Manfred has strewn rose petals along the A’s path to Vegas, maybe because he fears Fisher might lose his way without the help. He agreed to waive the relocation fee (at minimum $300 million to be spread across the other 29 teams) because the deal in Las Vegas wouldn’t be financially feasible for Fisher otherwise. Manfred scheduled the vote despite not knowing where the A’s will play for three seasons between 2025 and 2027 and despite not knowing the design of the ballpark and despite not knowing how Fisher plans to finance the $1 billion to $1.5 billion it will take to build it.

And that’s why, in Oakland, it feels personal. In Oakland, which is on the verge of losing all three of its major professional sports teams in a span of five years, it always feels personal. There’s something about the city and its people that guys like Fisher and Manfred will never understand. Fisher — Gap scion, shadow-dweller, principal owner of the A’s since 2015 — loves to tout his Bay Area roots, but he was born into a life of East Coast boarding schools, Princeton and squash courts. Oakland was never his thing.

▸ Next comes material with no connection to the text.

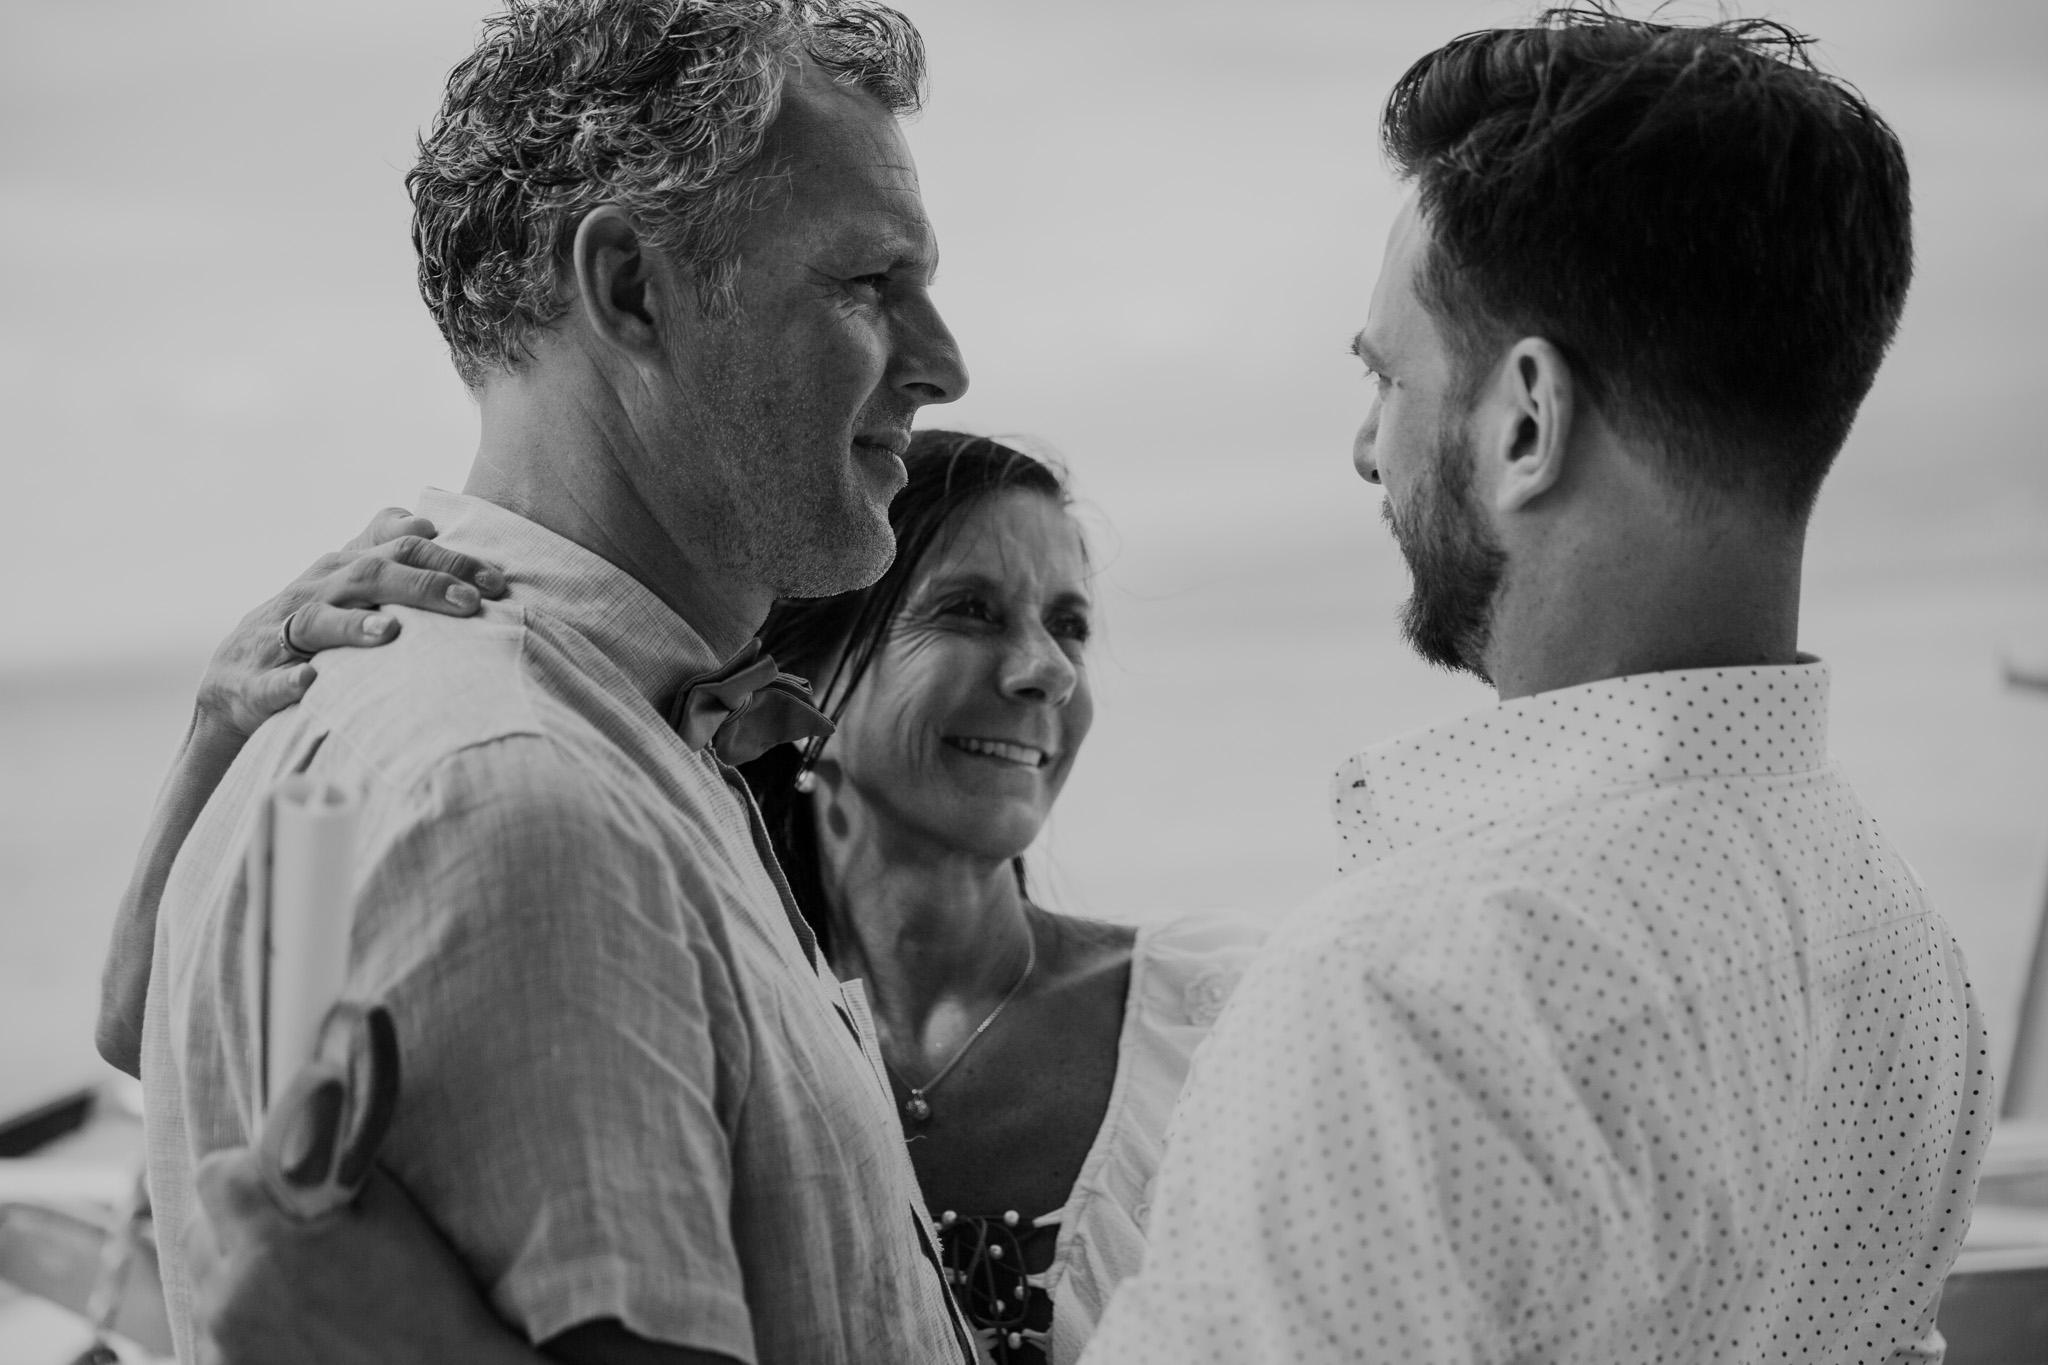 wedding-vow-renewal-hawaii-hochzeit-maui-silberhochzeit-karol-and-jens_155.jpg
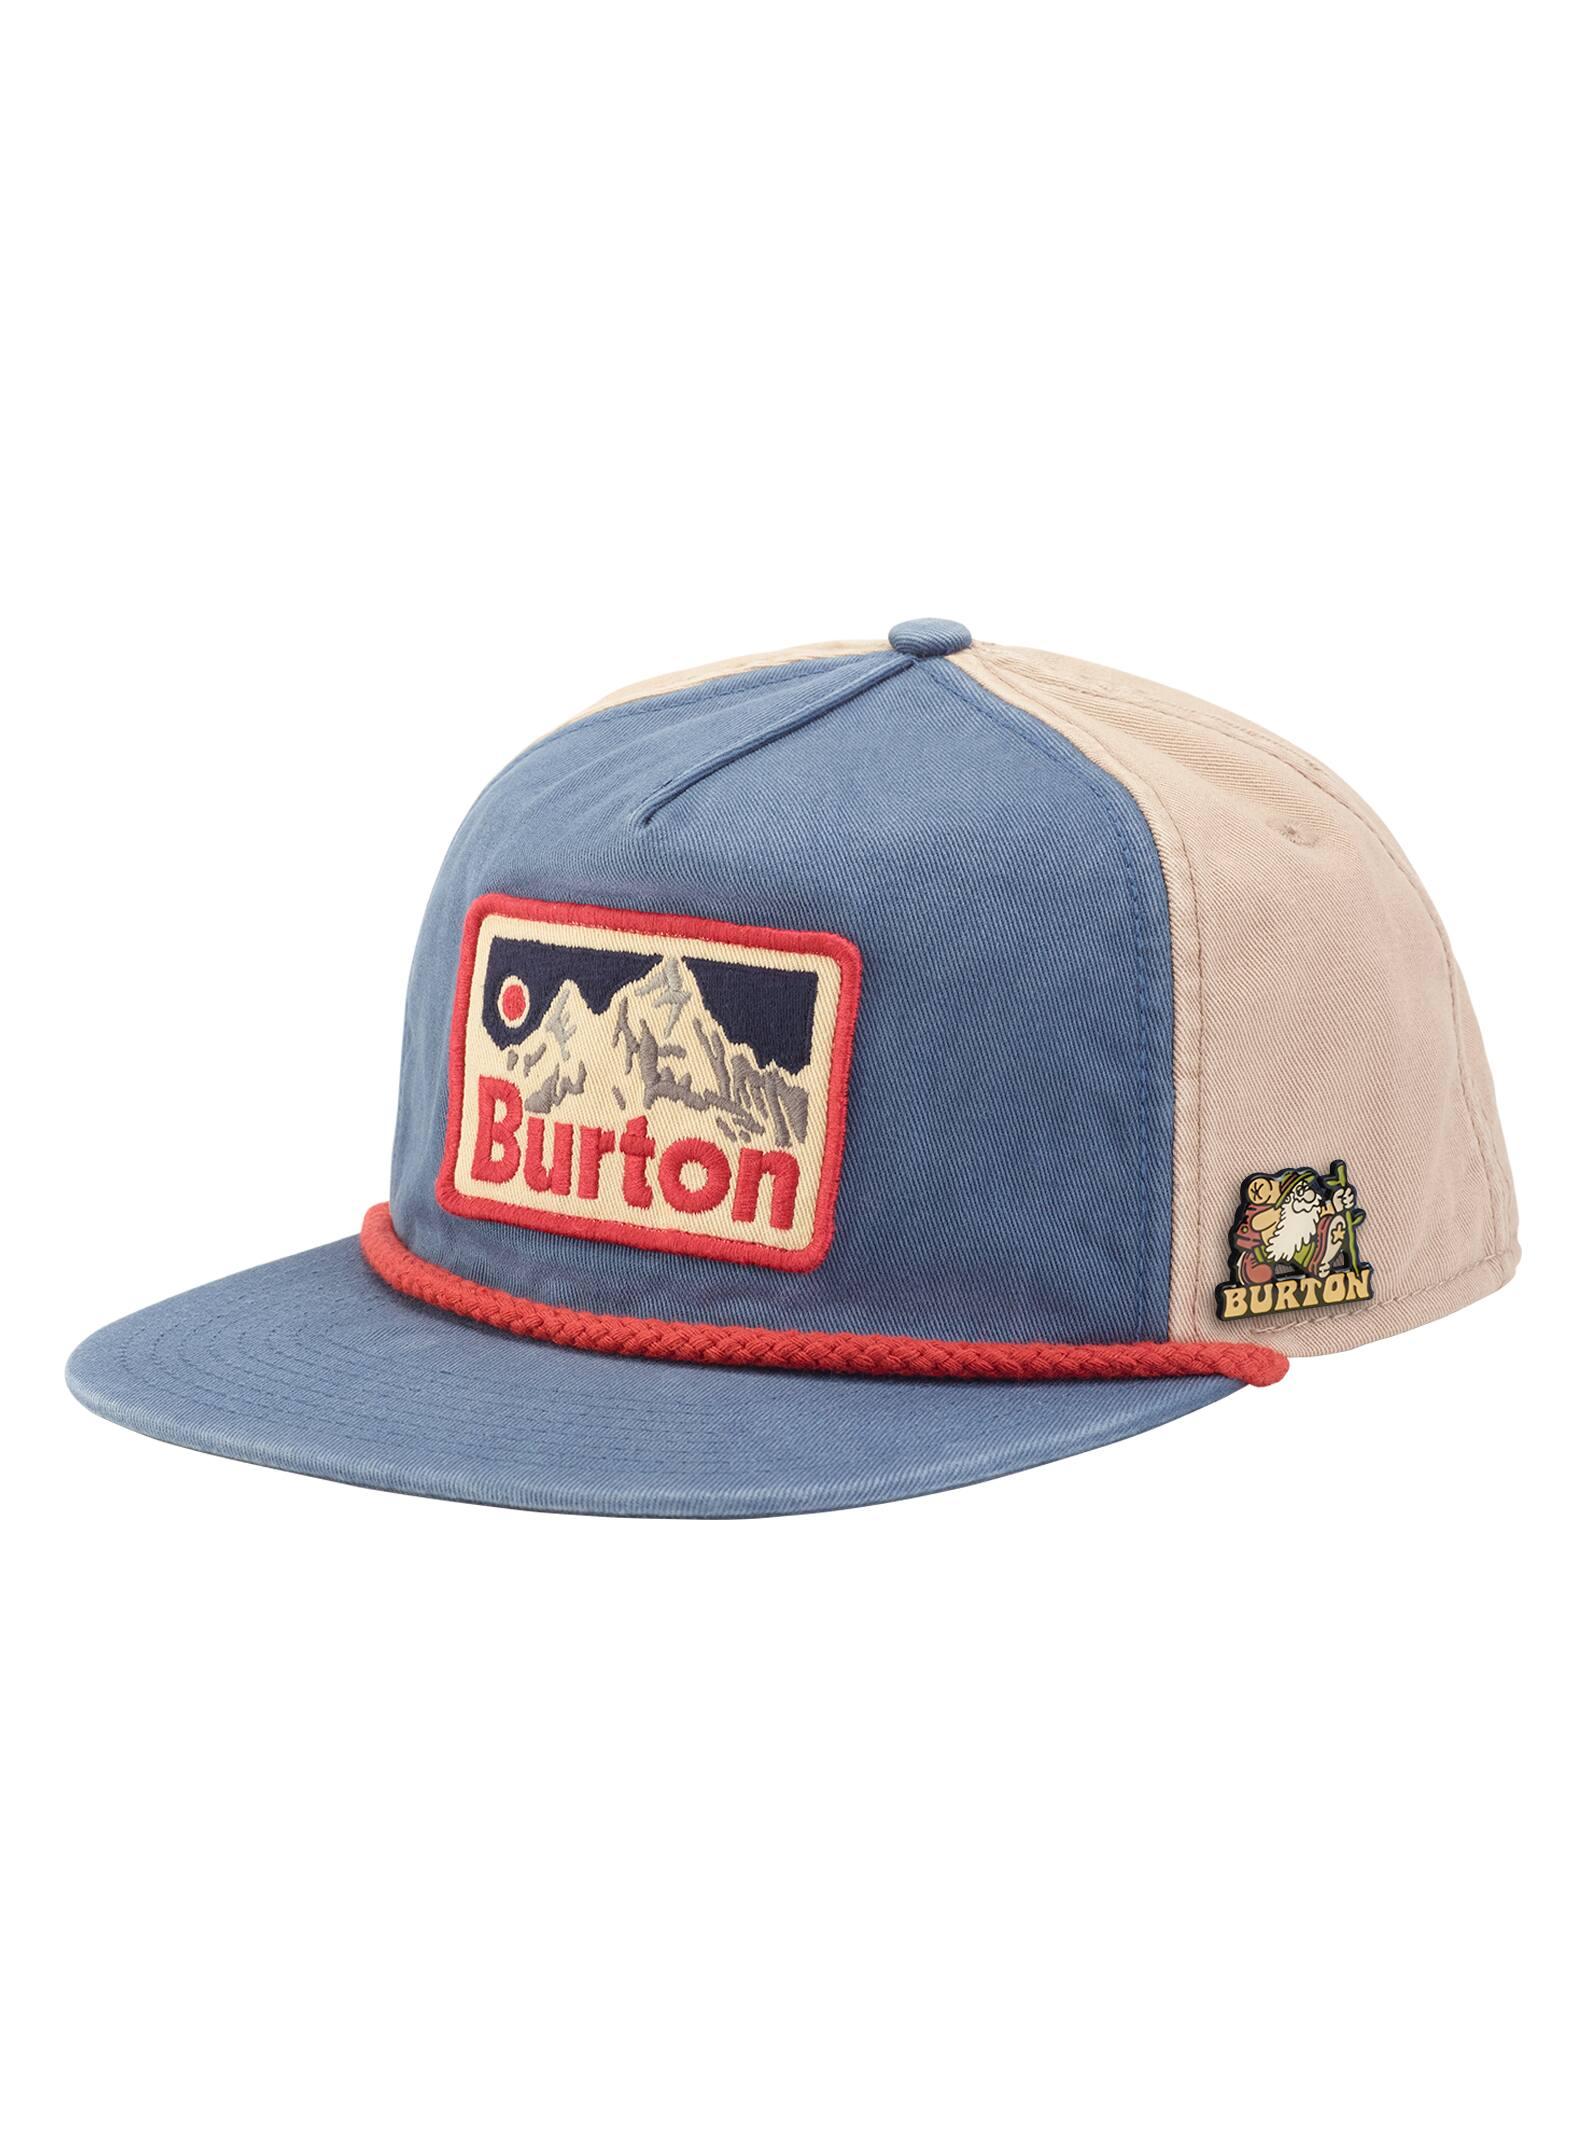 3833f1c3ec292 Men s Hats   Beanies

When I spoke at length to Fisher and team president Dave Kaval in late August, their stated sympathy for the fans of Oakland felt perfunctory, rote, like the names of A’s prospects Fisher read off a paper on the desk in front of him at one point in our conversation. On Tuesday, he spoke with three A’s fans/protesters who made the trip to Arlington, Texas, for the owners meetings. When Jorge Leon told him how difficult it’s been to watch their team be taken away from them, Fisher, the billionaire, told him, “It’s been a lot worse for me than you.”

Fisher didn’t attend games in Oakland after the April decision to leave town, but Las Vegas will provide him with the proper remove. If all goes according to plan, there will be a sufficient number of luxury suites that generate a sufficient amount of revenue for him to go, if he chooses, without fear of encountering the unsavory aspects of the real world.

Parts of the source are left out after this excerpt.